- Date: 9–15 February
- Edition: 6th
- Surface: Hard
- Location: Chennai, India

Champions

Singles
- Frederico Ferreira Silva

Doubles
- Pruchya Isaro / Niki Kaliyanda Poonacha
- ← 2025 · Chennai Open Challenger · 2027 →

= 2026 Chennai Open Challenger =

The 2026 Chennai Open was a professional tennis tournament played on hard courts. It was the sixth edition of the tournament which was part of the 2026 ATP Challenger Tour. It took place in Chennai, India between 9 and 15 February 2026.

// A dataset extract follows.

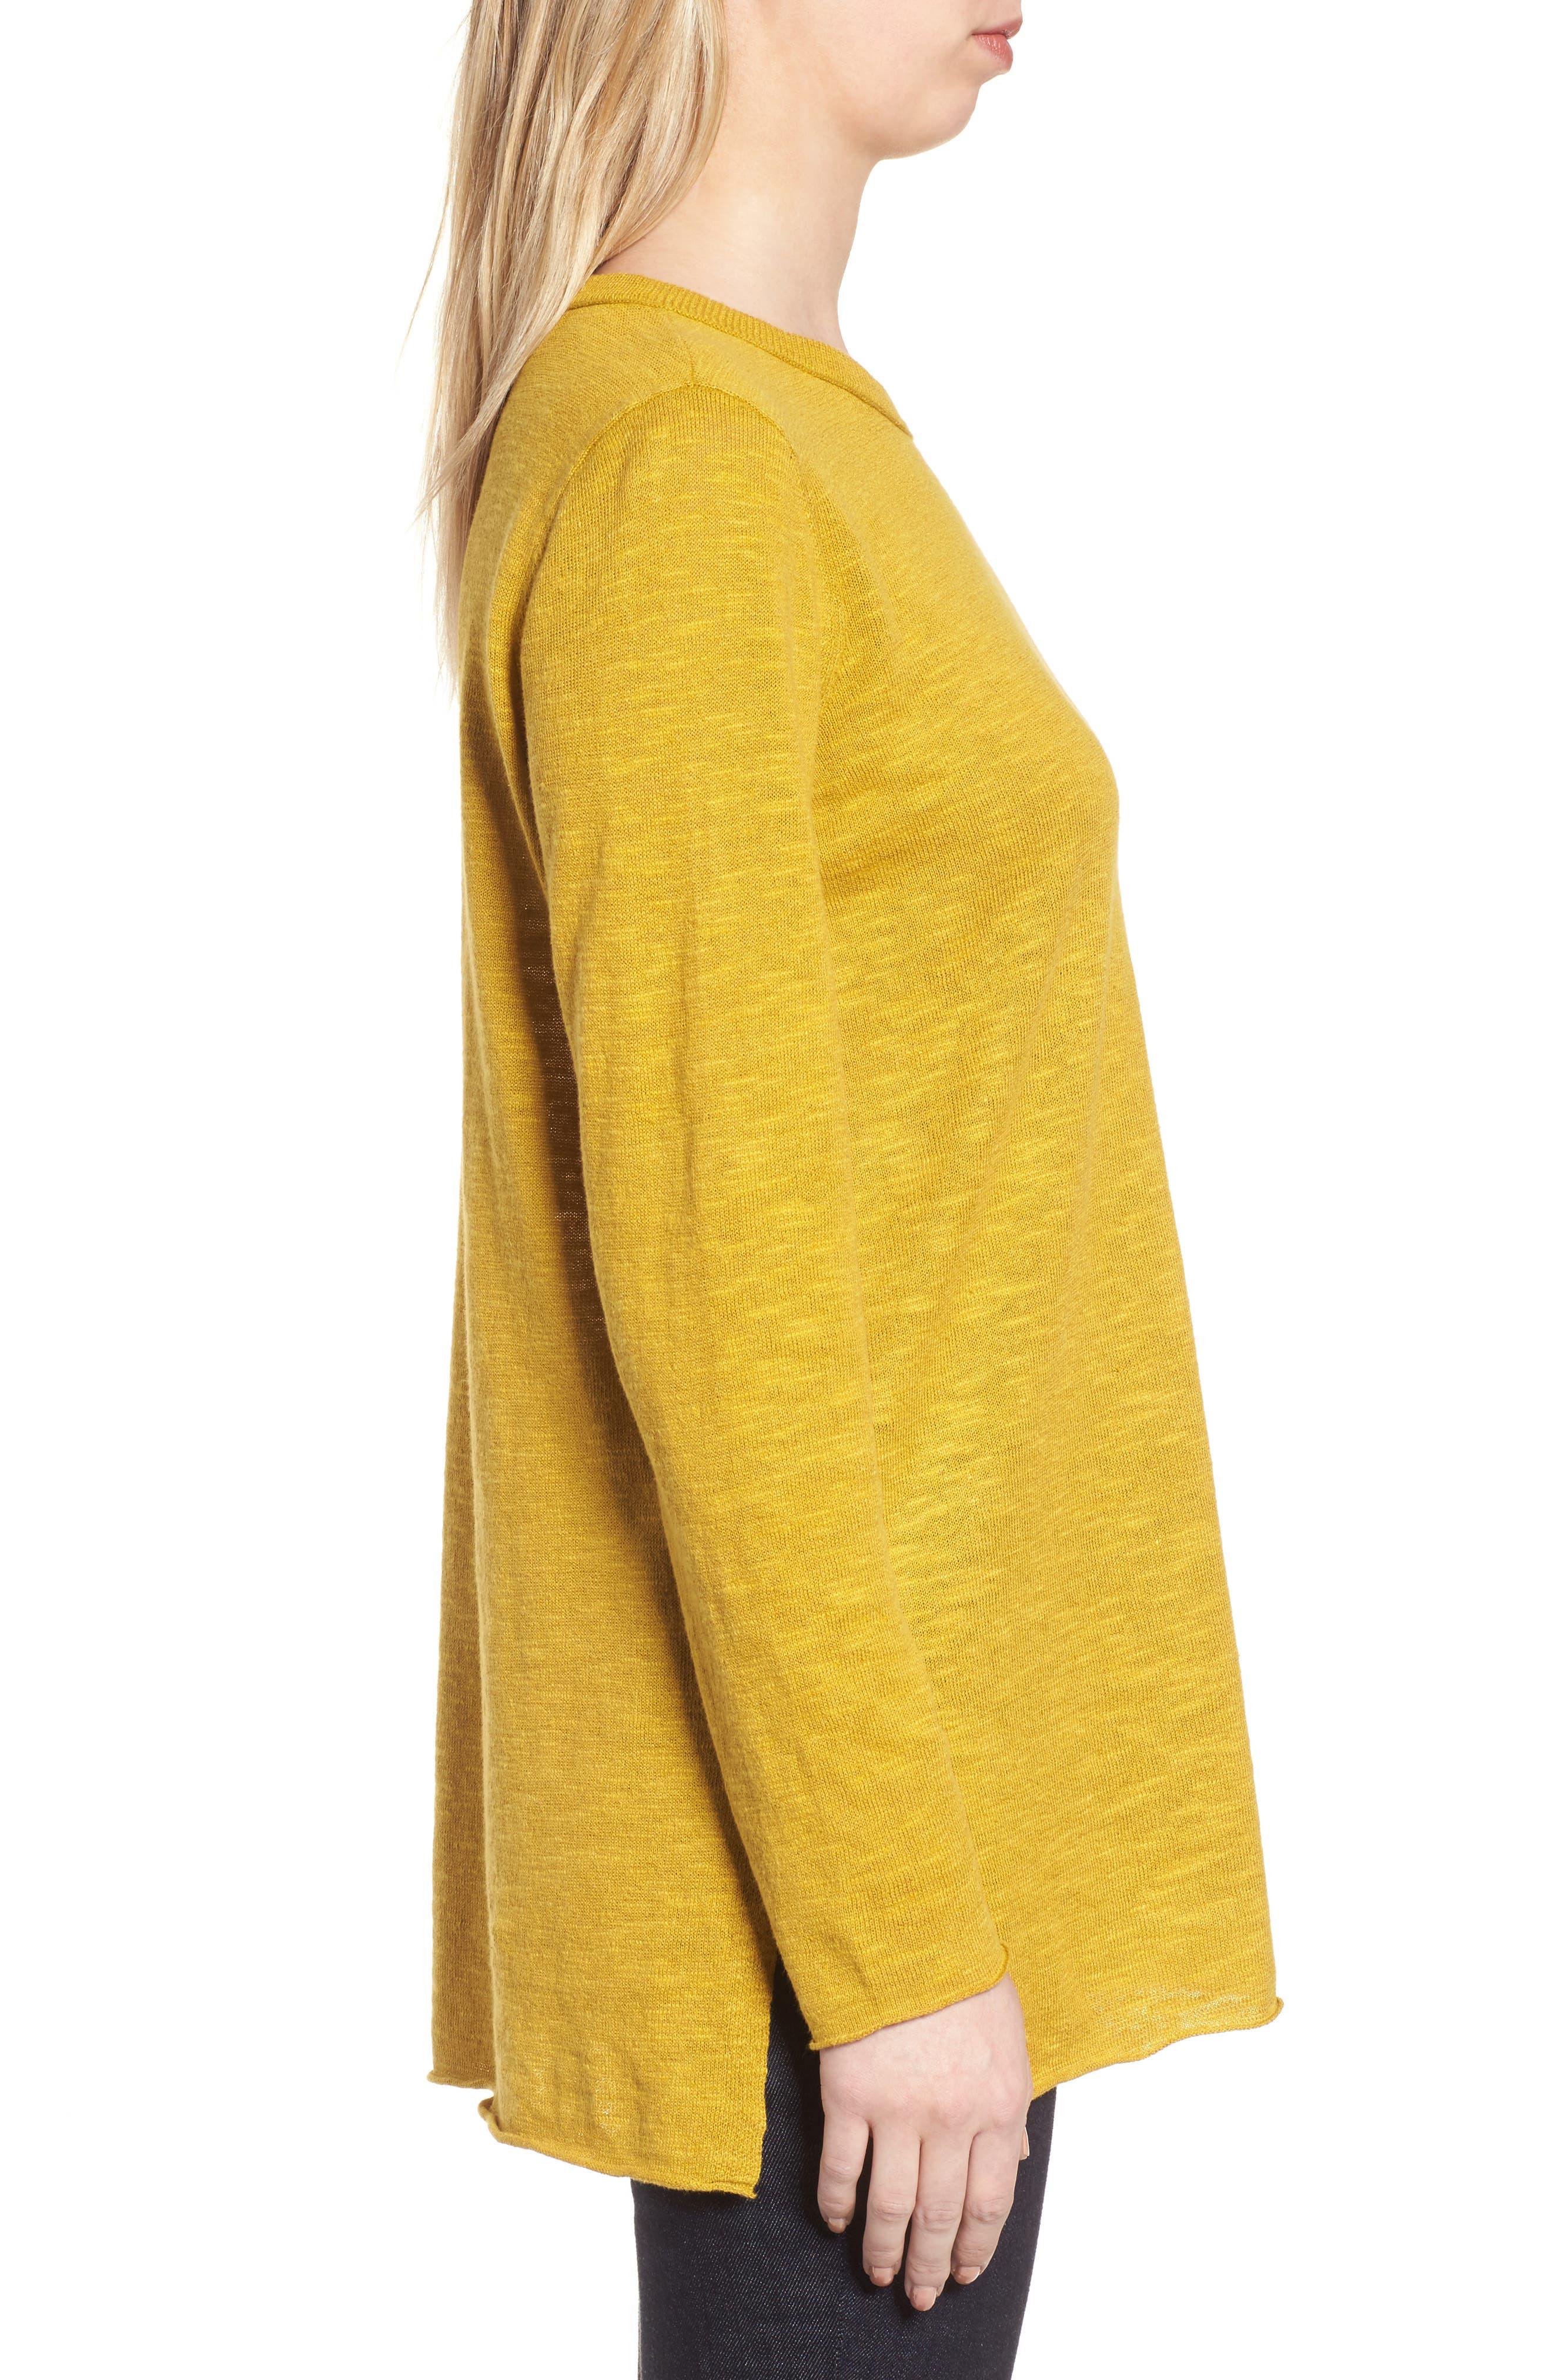 Organic Knit Crewneck Tunic Top,                             Alternate thumbnail 3, color,                             750
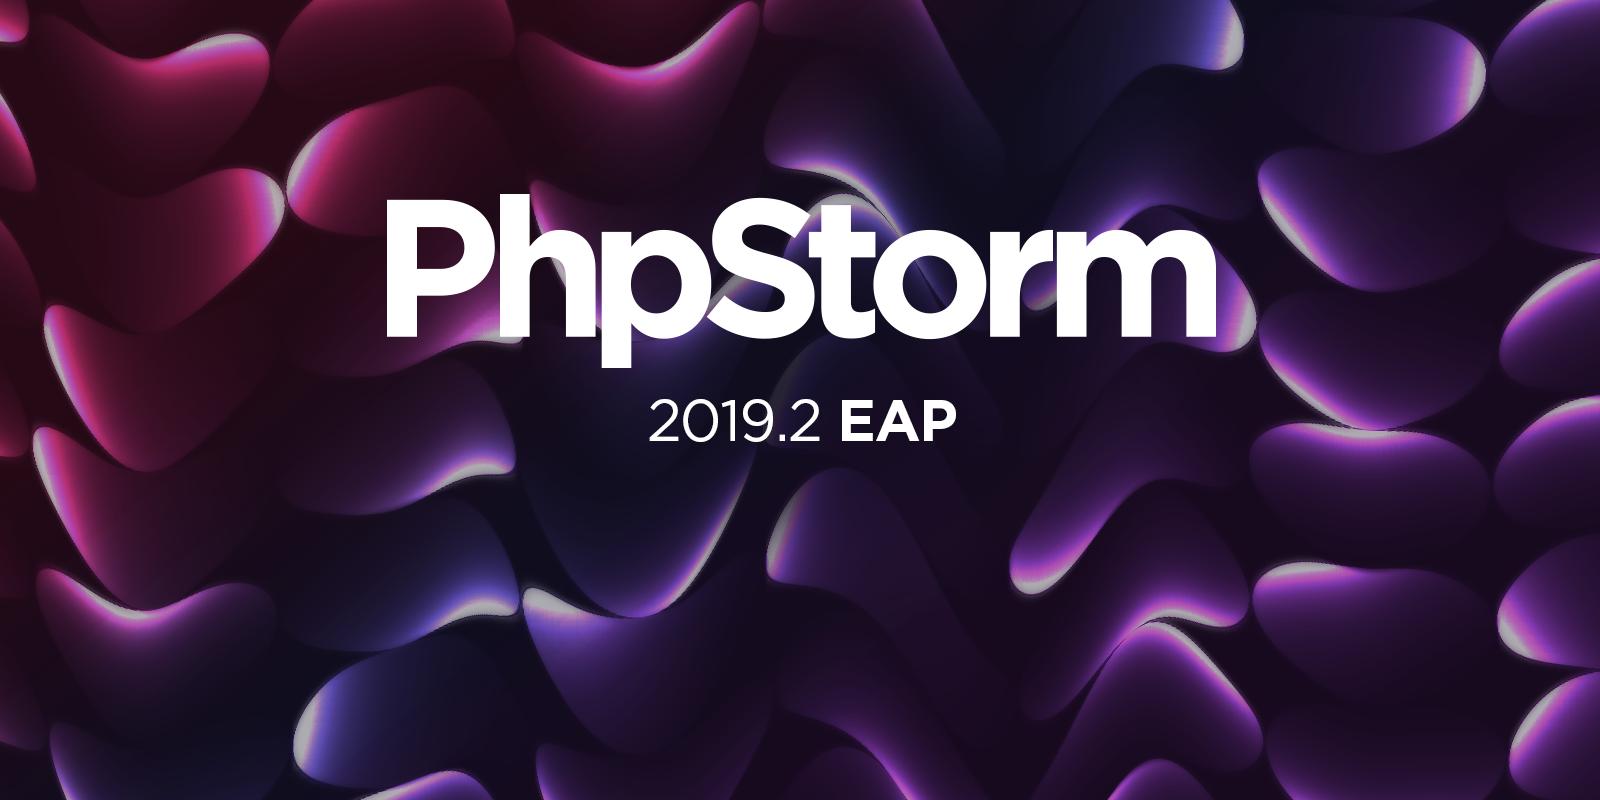 PhpStorm 2019.2 EAP

==Singles main-draw entrants==
===Seeds===

| Country | Player | Rank^{1} | Seed |
|---|---|---|---|
| GBR | Jay Clarke | 186 | 1 |
| ARG | Federico Agustín Gómez | 197 | 2 |
| GBR | Oliver Crawford | 213 | 3 |
|  | Ilia Simakin | 214 | 4 |
| JPN | Rio Noguchi | 241 | 5 |
| POR | Frederico Ferreira Silva | 258 | 6 |
| FRA | Florent Bax | 272 | 7 |
| IND | Sumit Nagal | 281 | 8 |

- ^{1} Rankings are as of 2 February 2026.

===Other entrants===
The following players received wildcards into the singles main draw:
- IND Sidharth Rawat
- IND Digvijaypratap Singh
- IND Manish Sureshkumar

The following players received entry from the qualifying draw:
- IND S D Prajwal Dev
- IND Ishaque Eqbal
- IND Aryan Lakshmanan
- MAS Mitsuki Wei Kang Leong
- IND Nitin Kumar Sinha
- IND Aditya Vishal Balsekar

==Champions==
===Singles===

- POR Frederico Ferreira Silva def. ARG Federico Agustín Gómez 6–4, 6–7^{(10–12)}, 6–4.

===Doubles===

- THA Pruchya Isaro / IND Niki Kaliyanda Poonacha def. GBR Jay Clarke / IND Mukund Sasikumar 6–4, 6–4.